#### STORED DATA

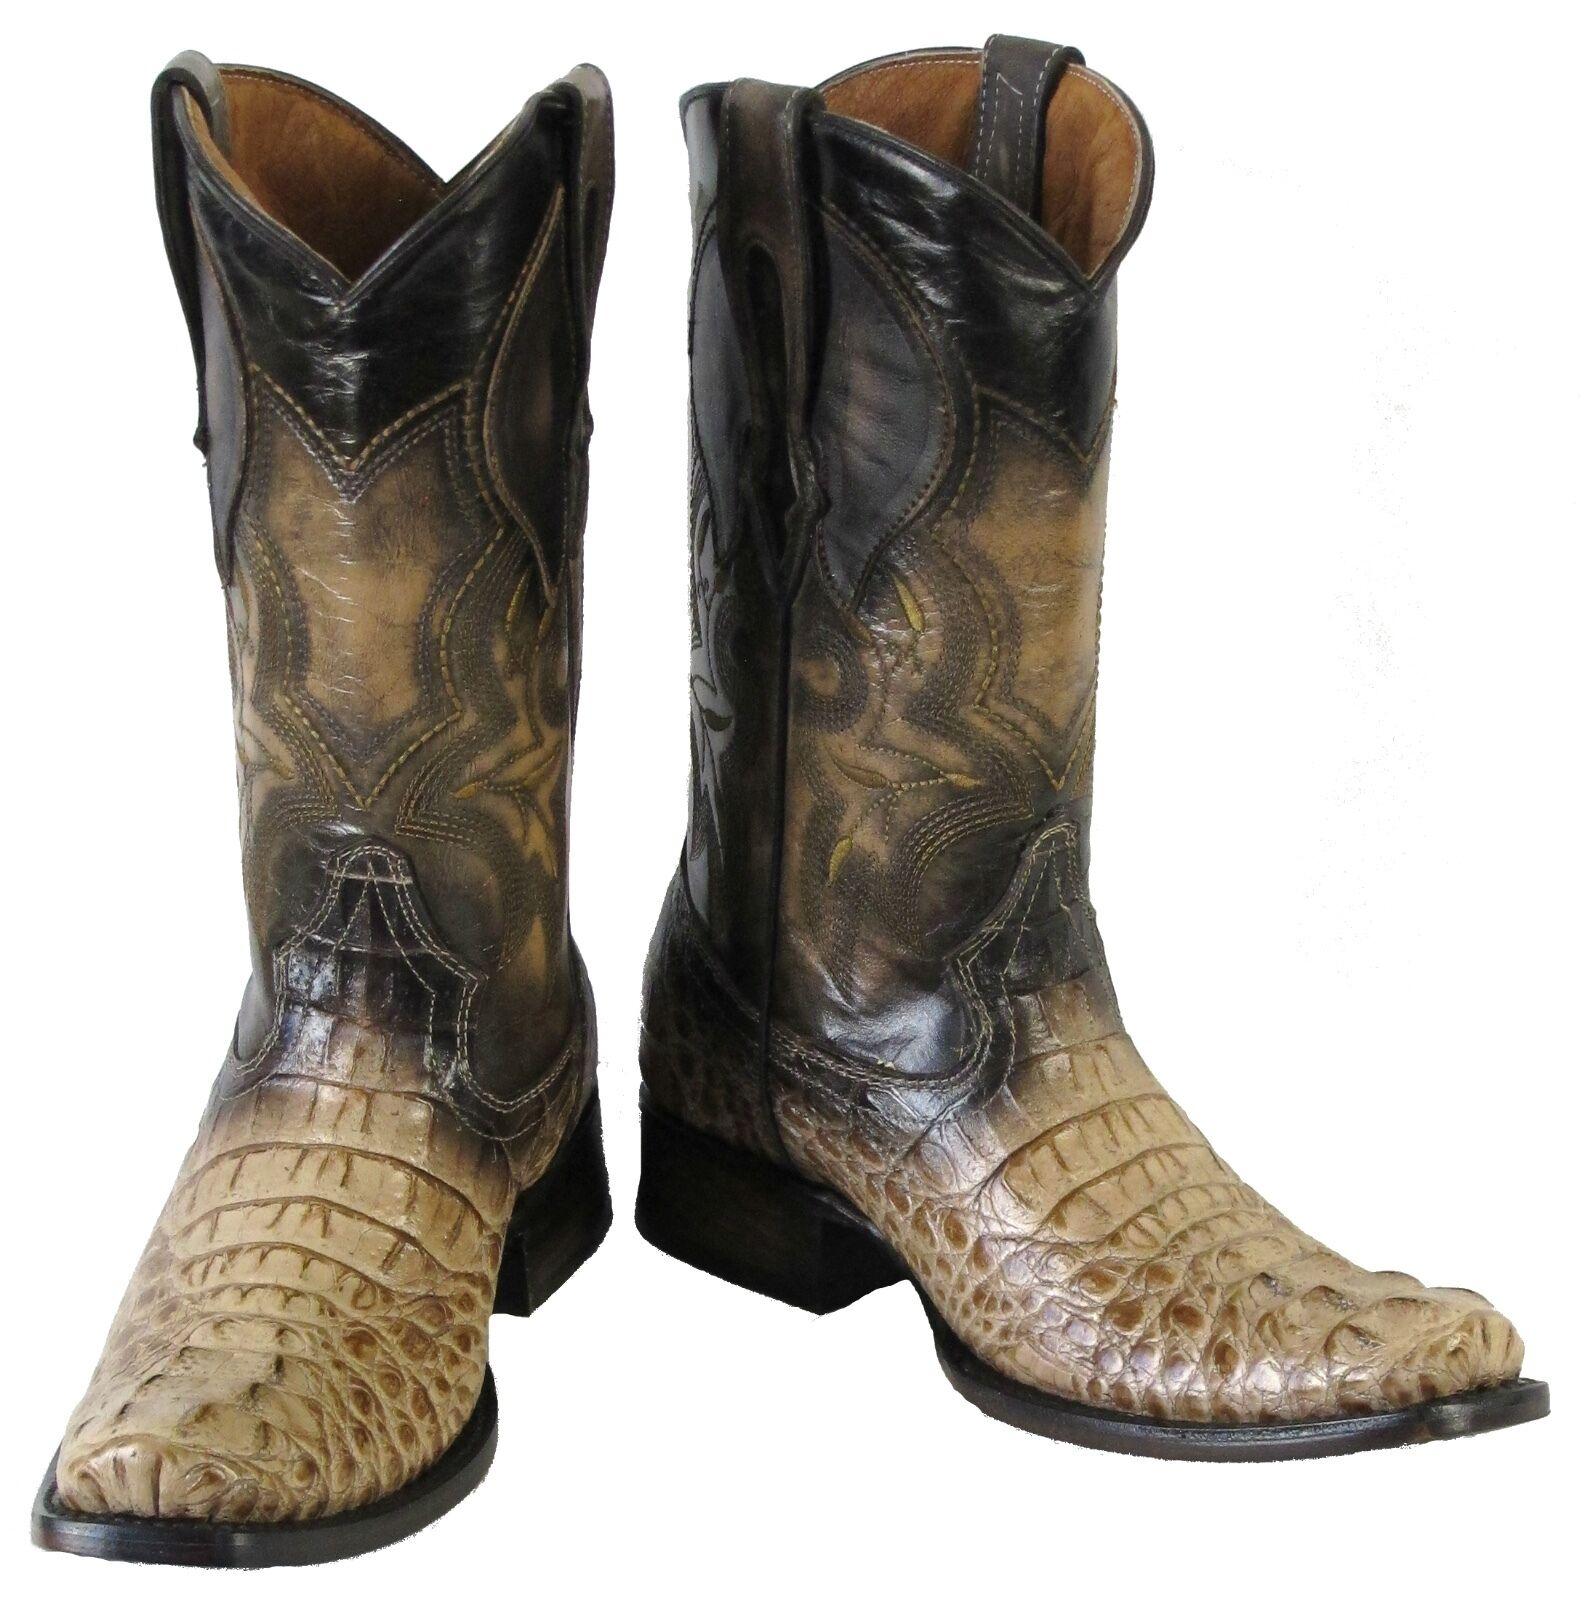 Men's Crocodile Head Design Leather Cowboy Western Square Boots Sand
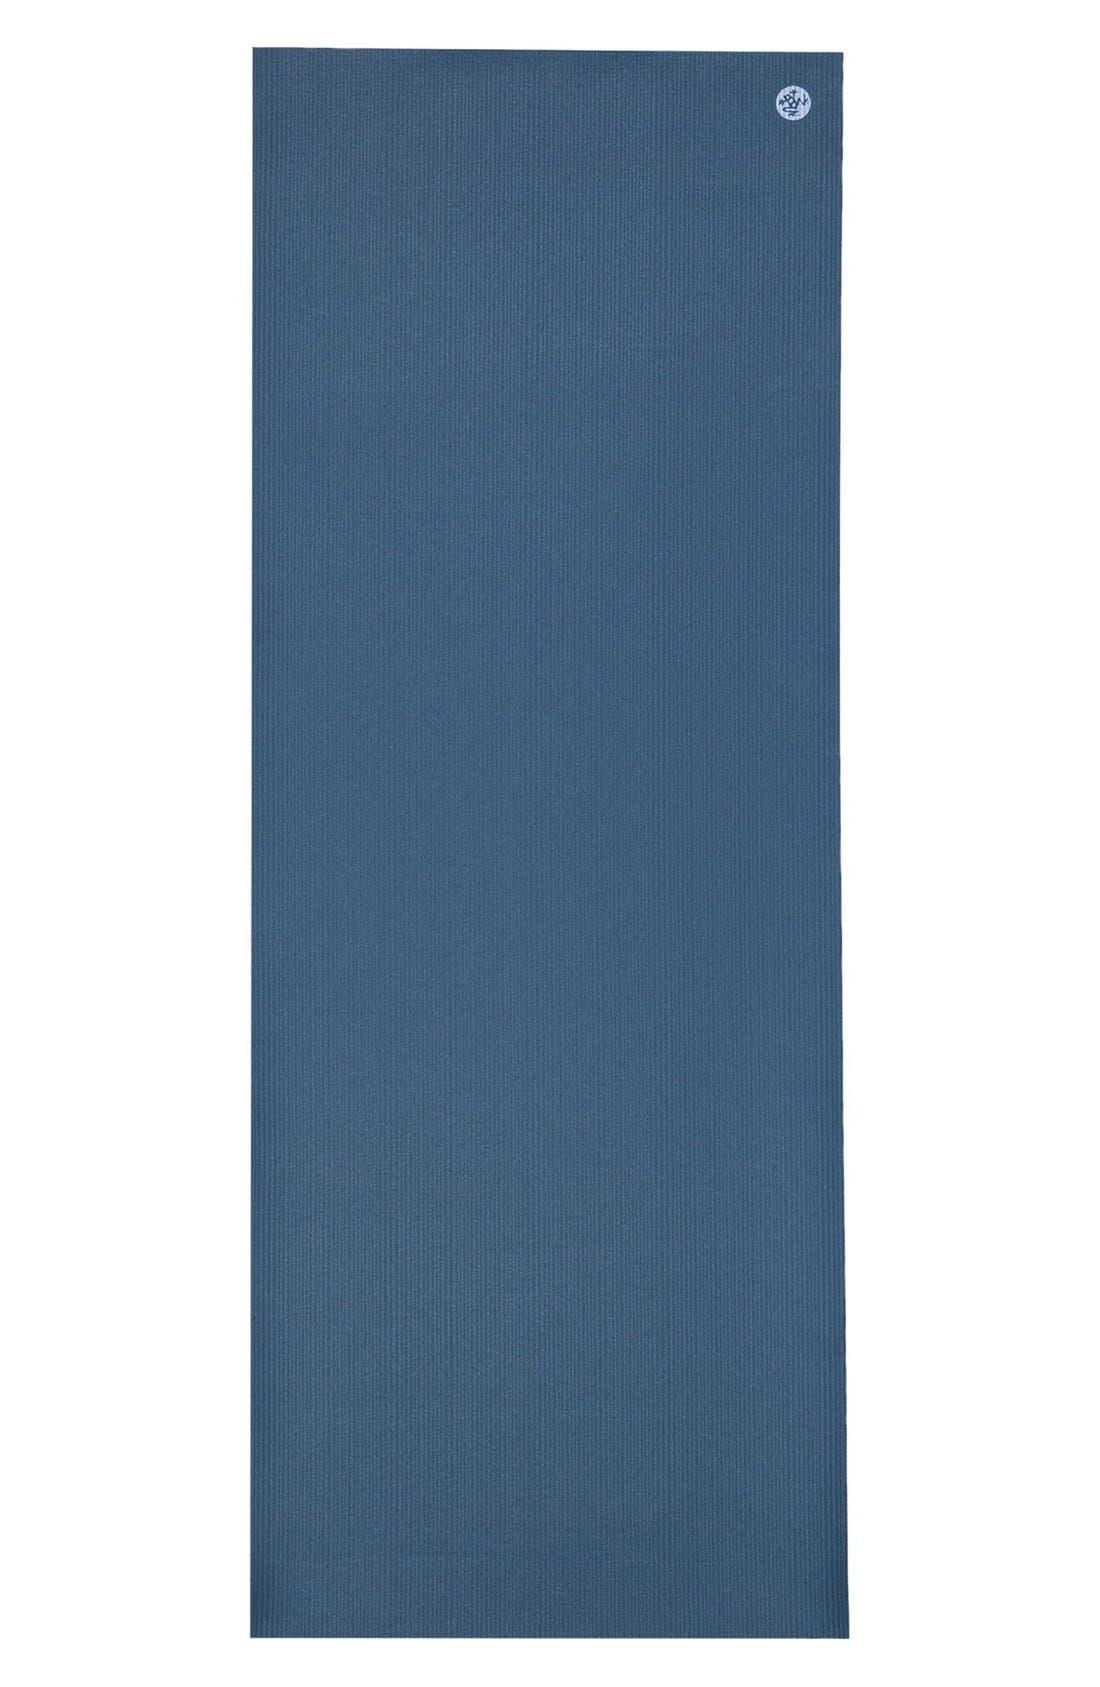 'PRO71 - Odyssey' Yoga Mat,                             Alternate thumbnail 2, color,                             401
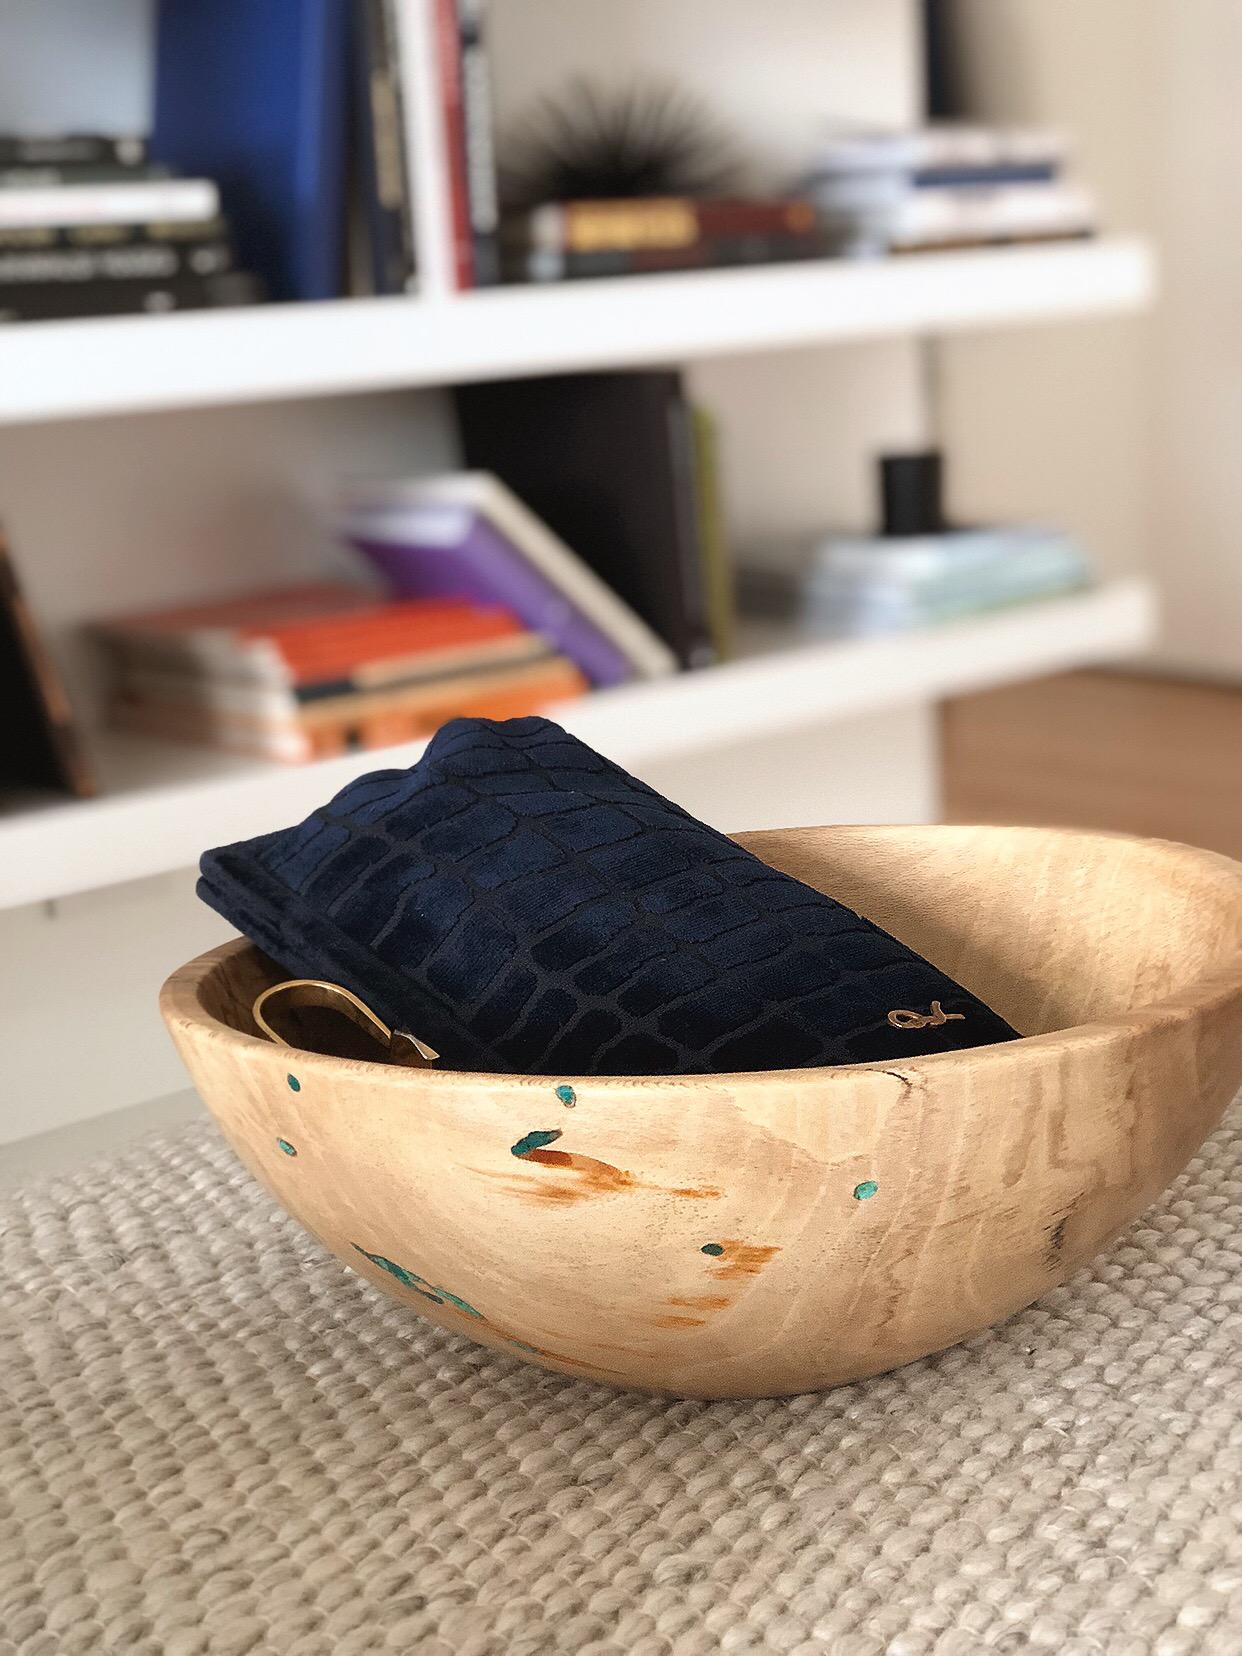 Wooden bowl pic 5.JPG

########

**WORK TO BE COMPLETED**
Drop the pictures and reproduce the rest of the data above exactly.

**FINAL ANSWER**
 Men's Crocodile Head Design Leather Cowboy Western Square Boots Sand
 'PRO71 - Odyssey' Yoga Mat,                             Alternate thumbnail 2, color,                             401
 Wooden bowl pic 5.JPG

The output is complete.